There are pictures in the records below; leave them out and set down exactly the lines from the one holding "Kenzo - Black" through the one holding "Drama and Theatre Studies 2021".
(Excerpted data begins)
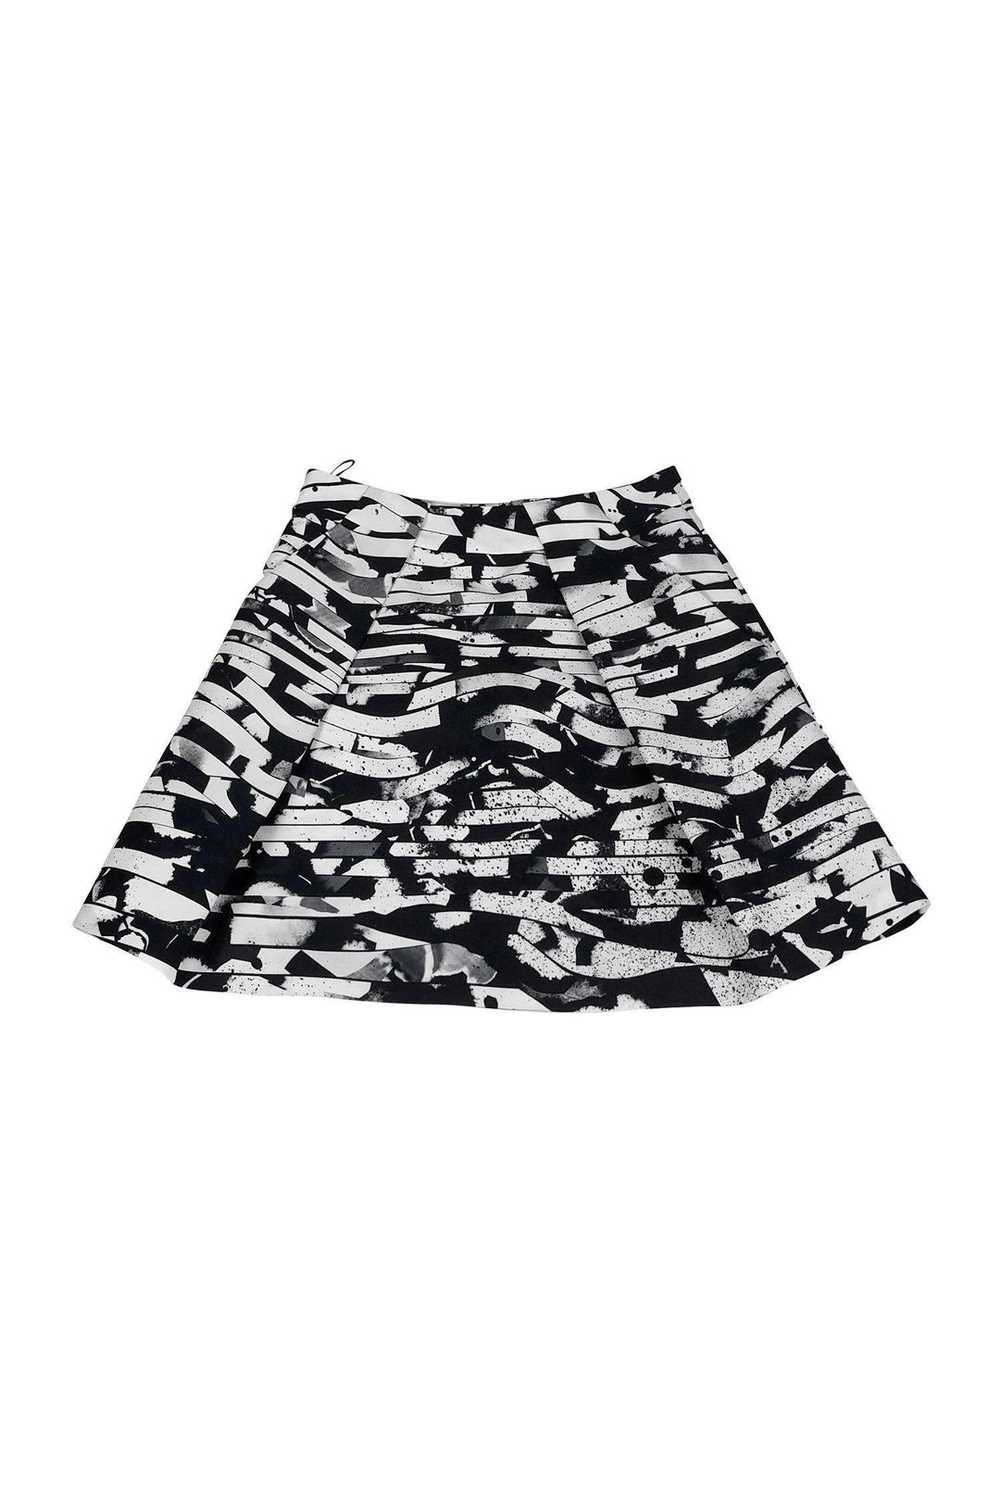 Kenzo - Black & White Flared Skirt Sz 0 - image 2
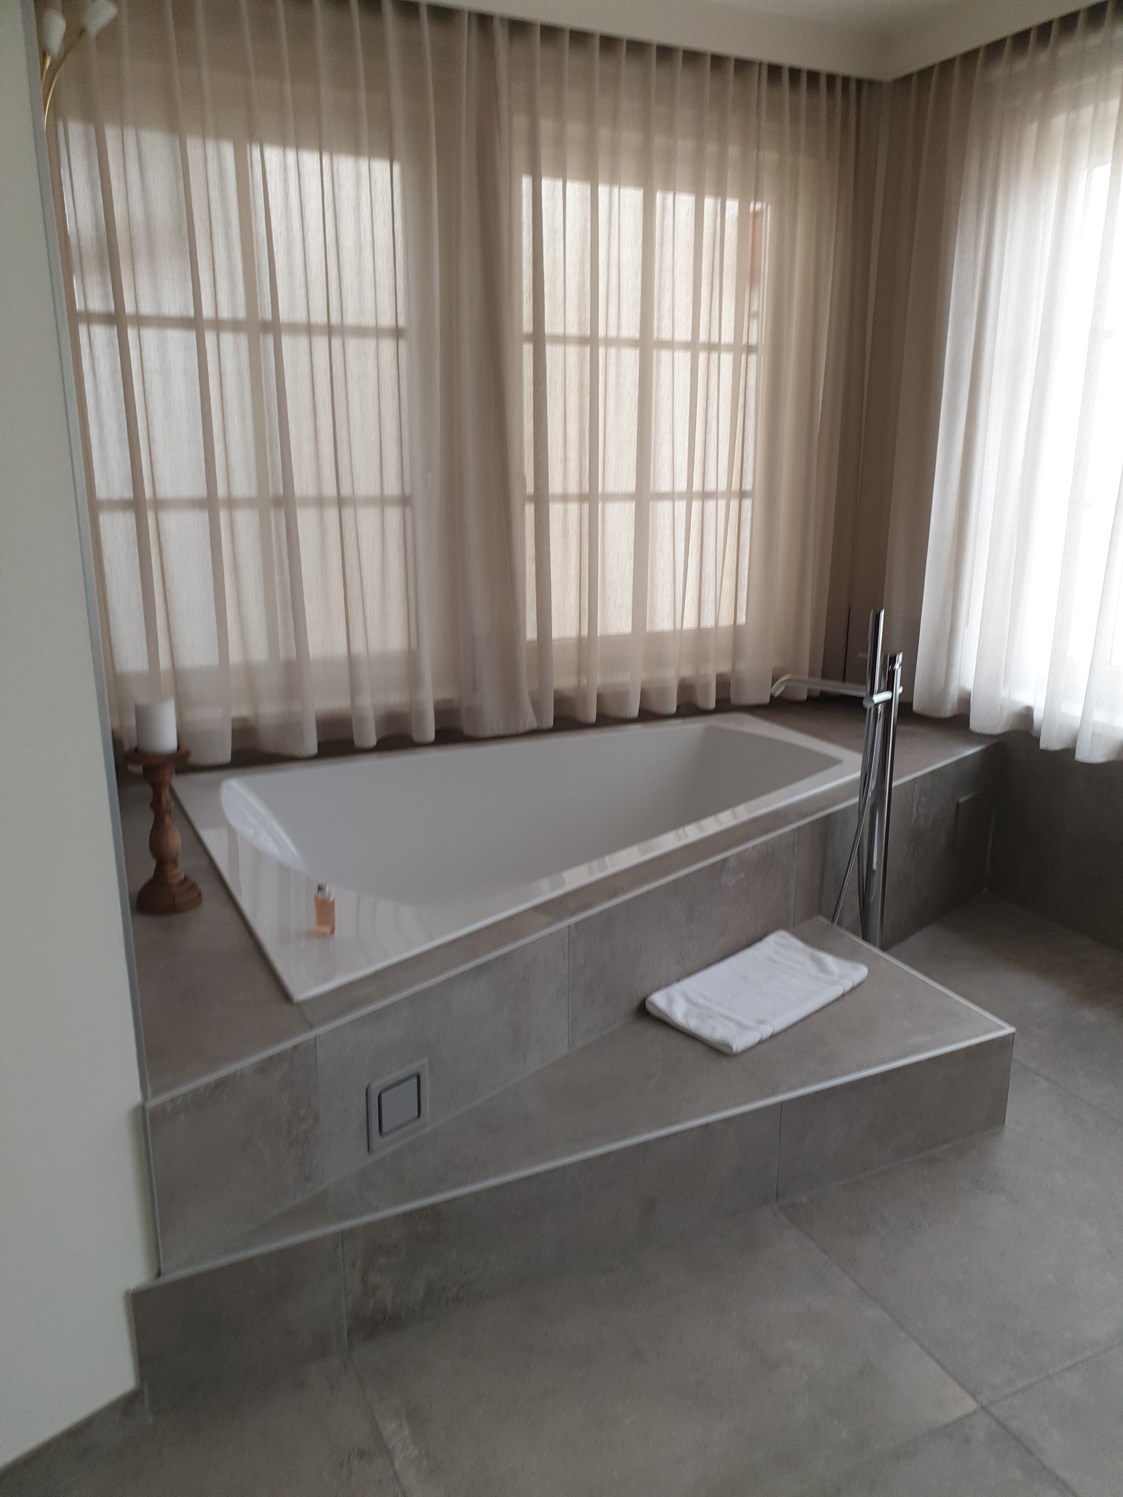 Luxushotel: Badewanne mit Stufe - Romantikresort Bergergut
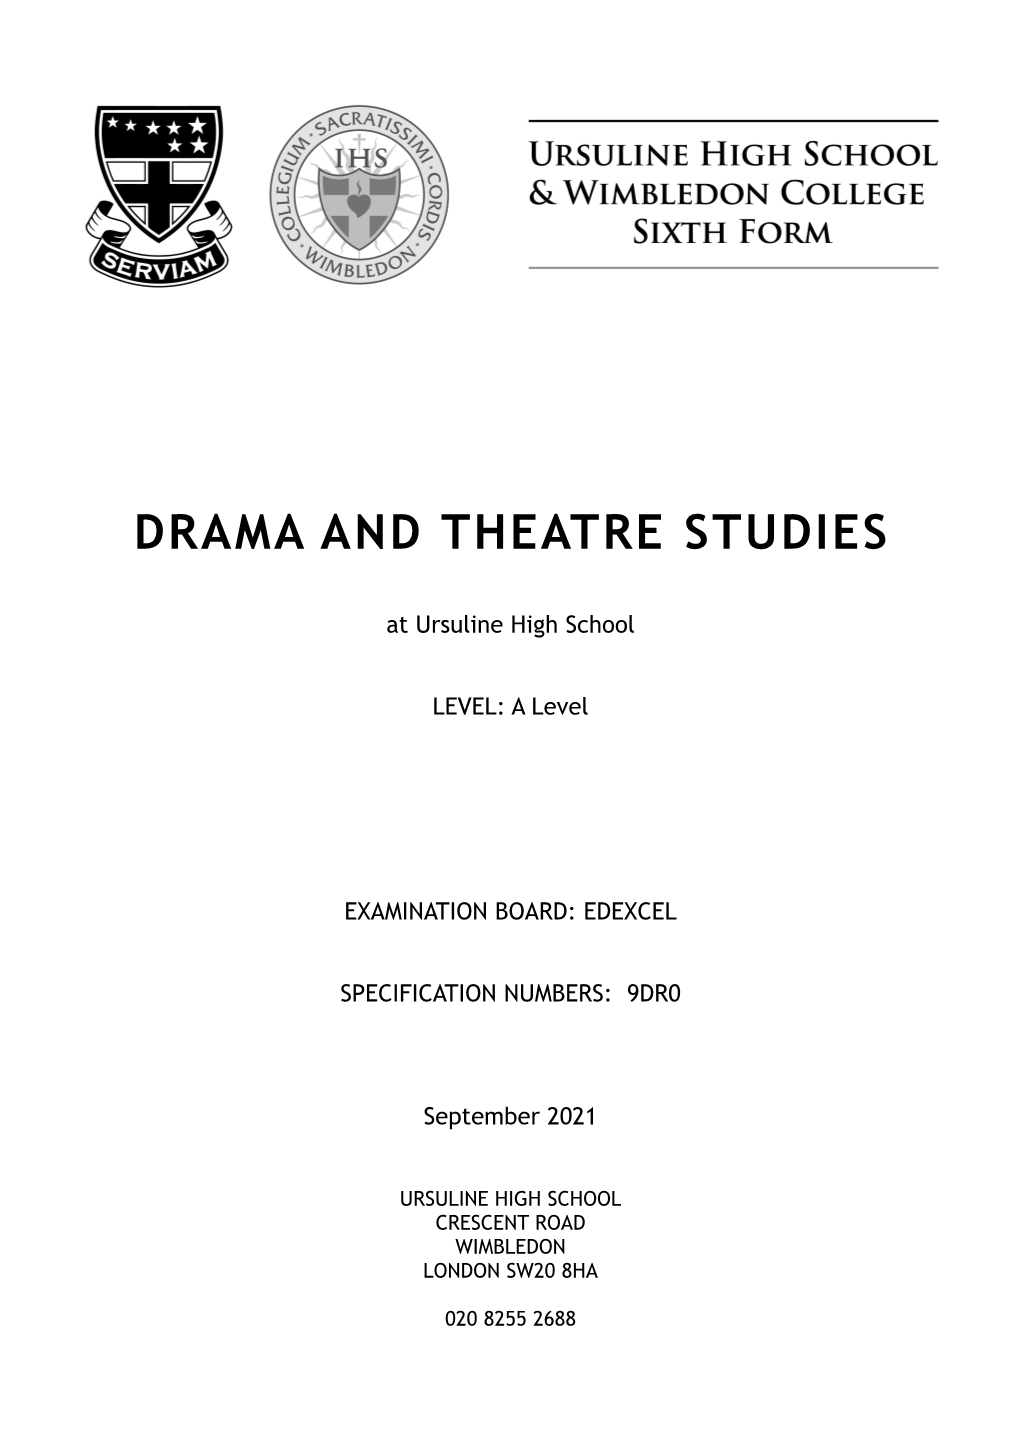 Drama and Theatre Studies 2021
(Excerpted data ends)
(Excerpted data begins)
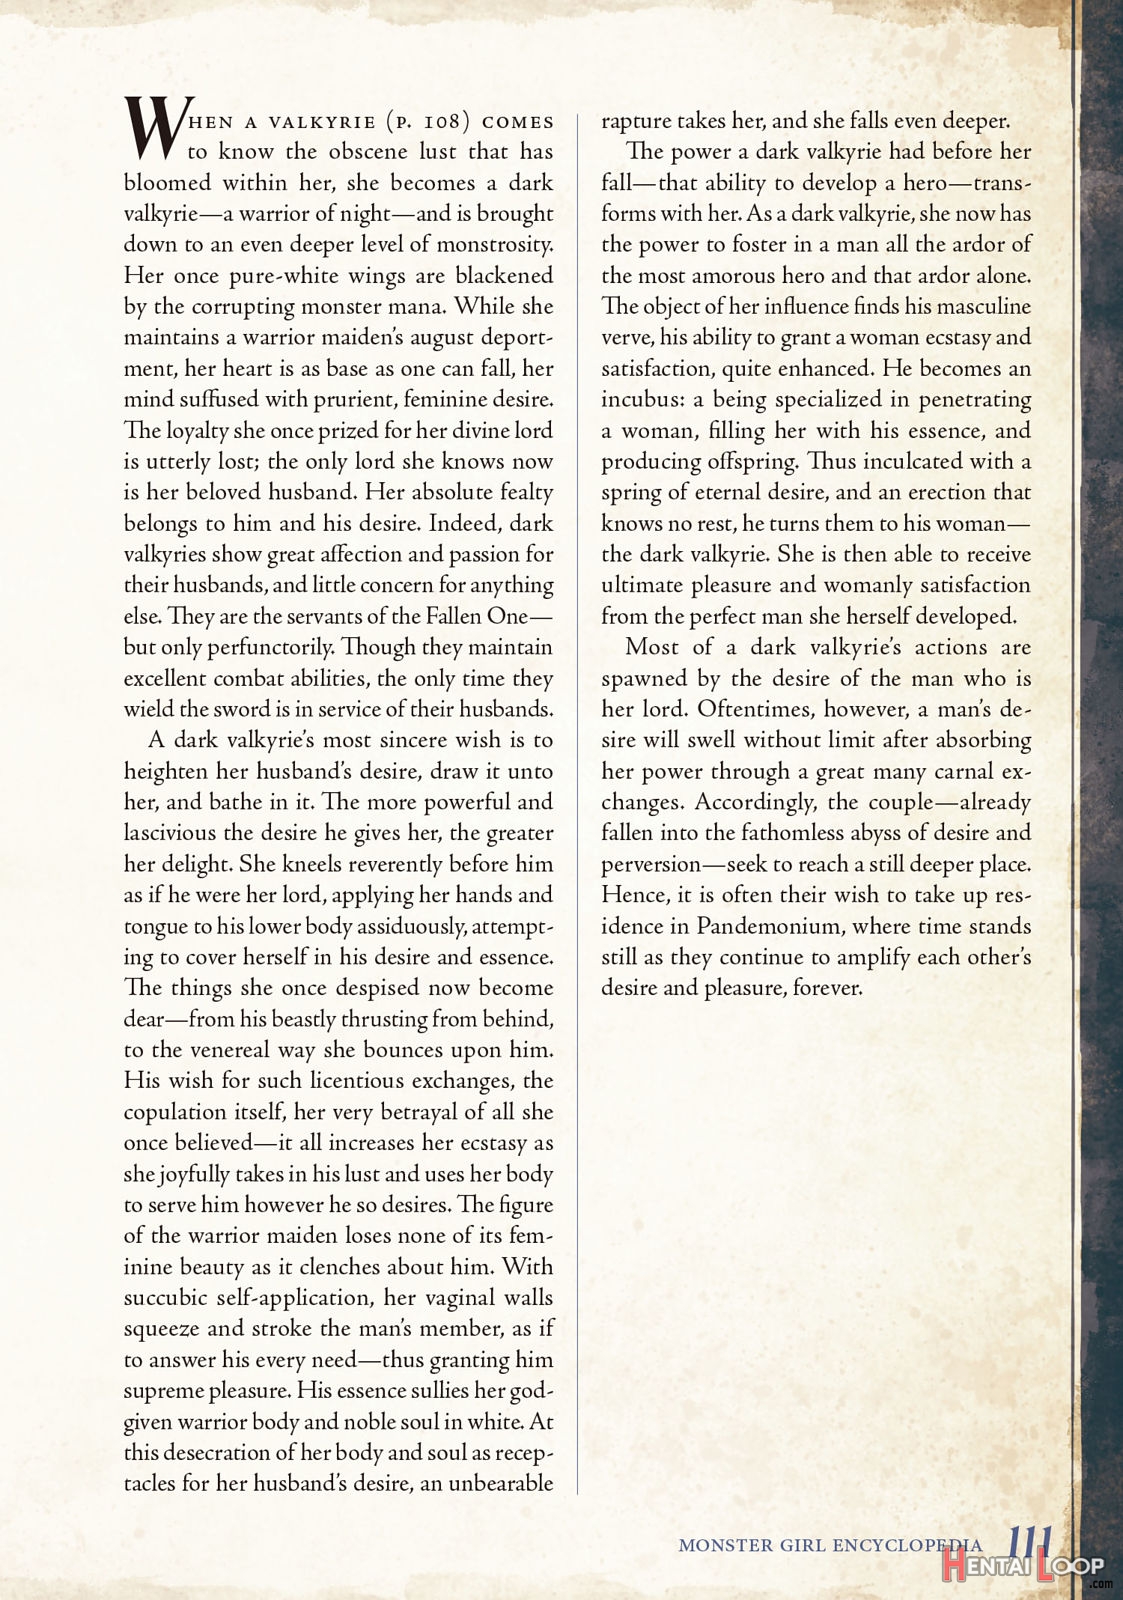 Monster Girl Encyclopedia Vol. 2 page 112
(Excerpted data ends)
(Excerpted data begins)
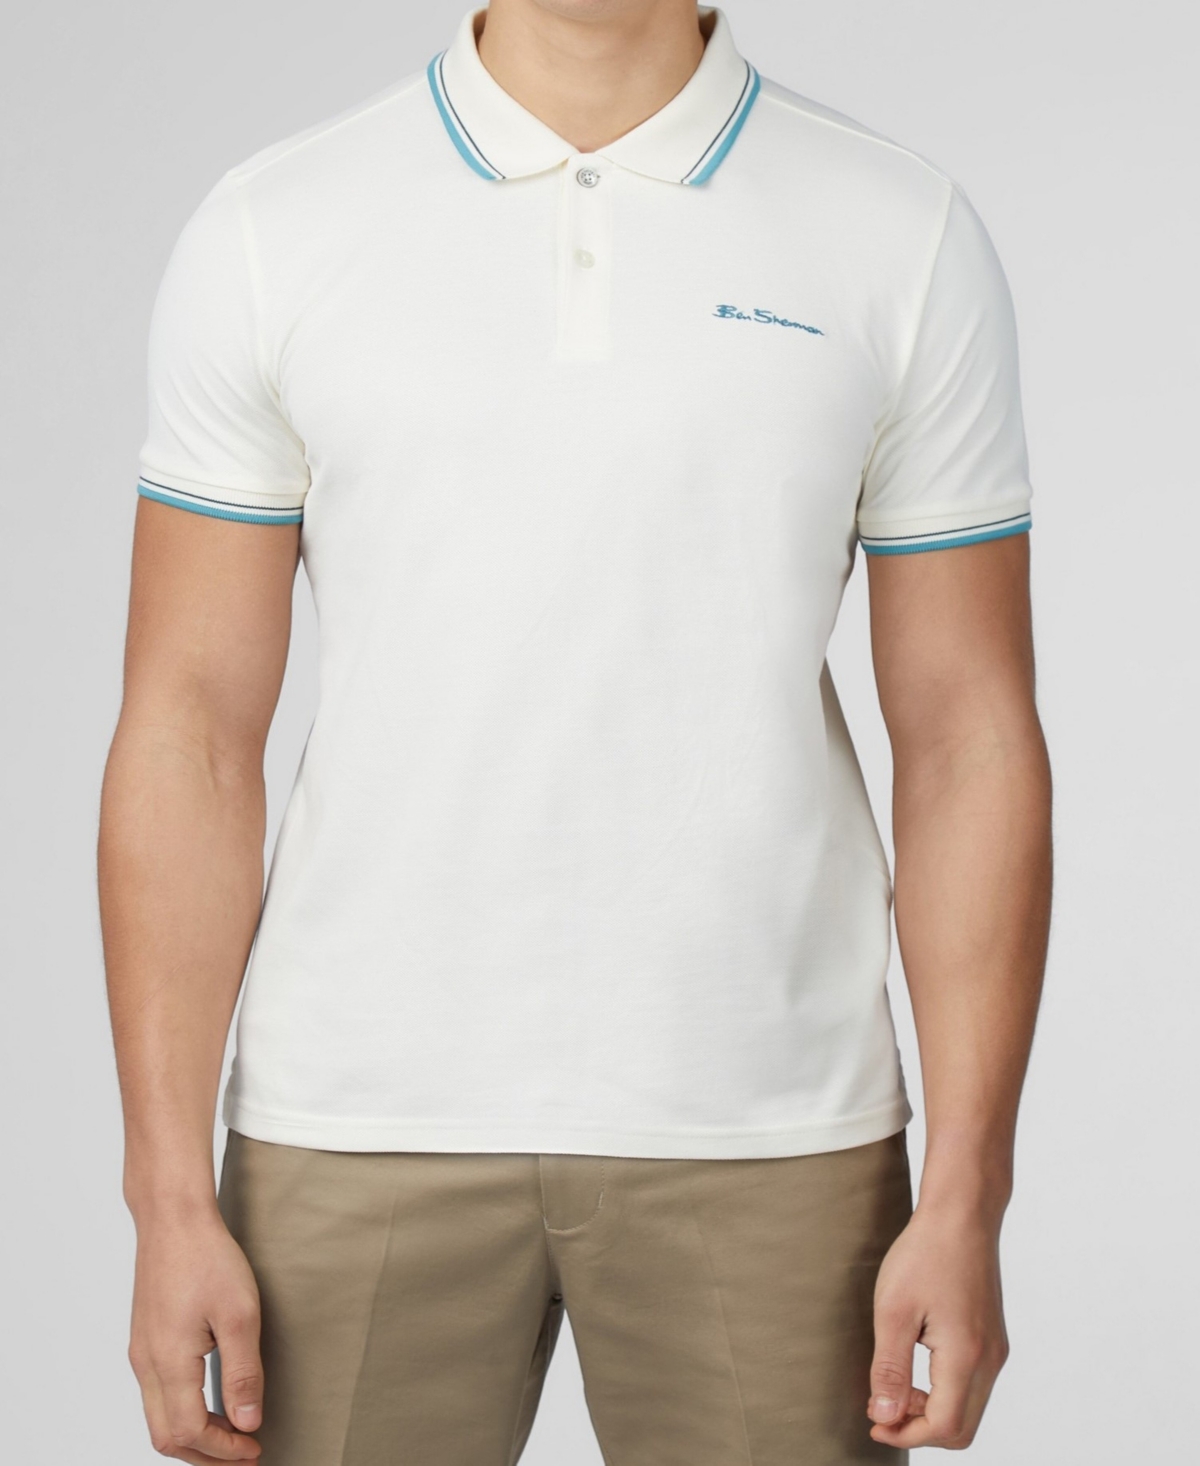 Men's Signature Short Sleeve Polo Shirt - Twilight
(Excerpted data ends)
* **Result below**
 Kenzo - Black & White Flared Skirt Sz 0 - image 2
 Luxushotel: Badewanne mit Stufe - Romantikresort Bergergut
 Drama and Theatre Studies 2021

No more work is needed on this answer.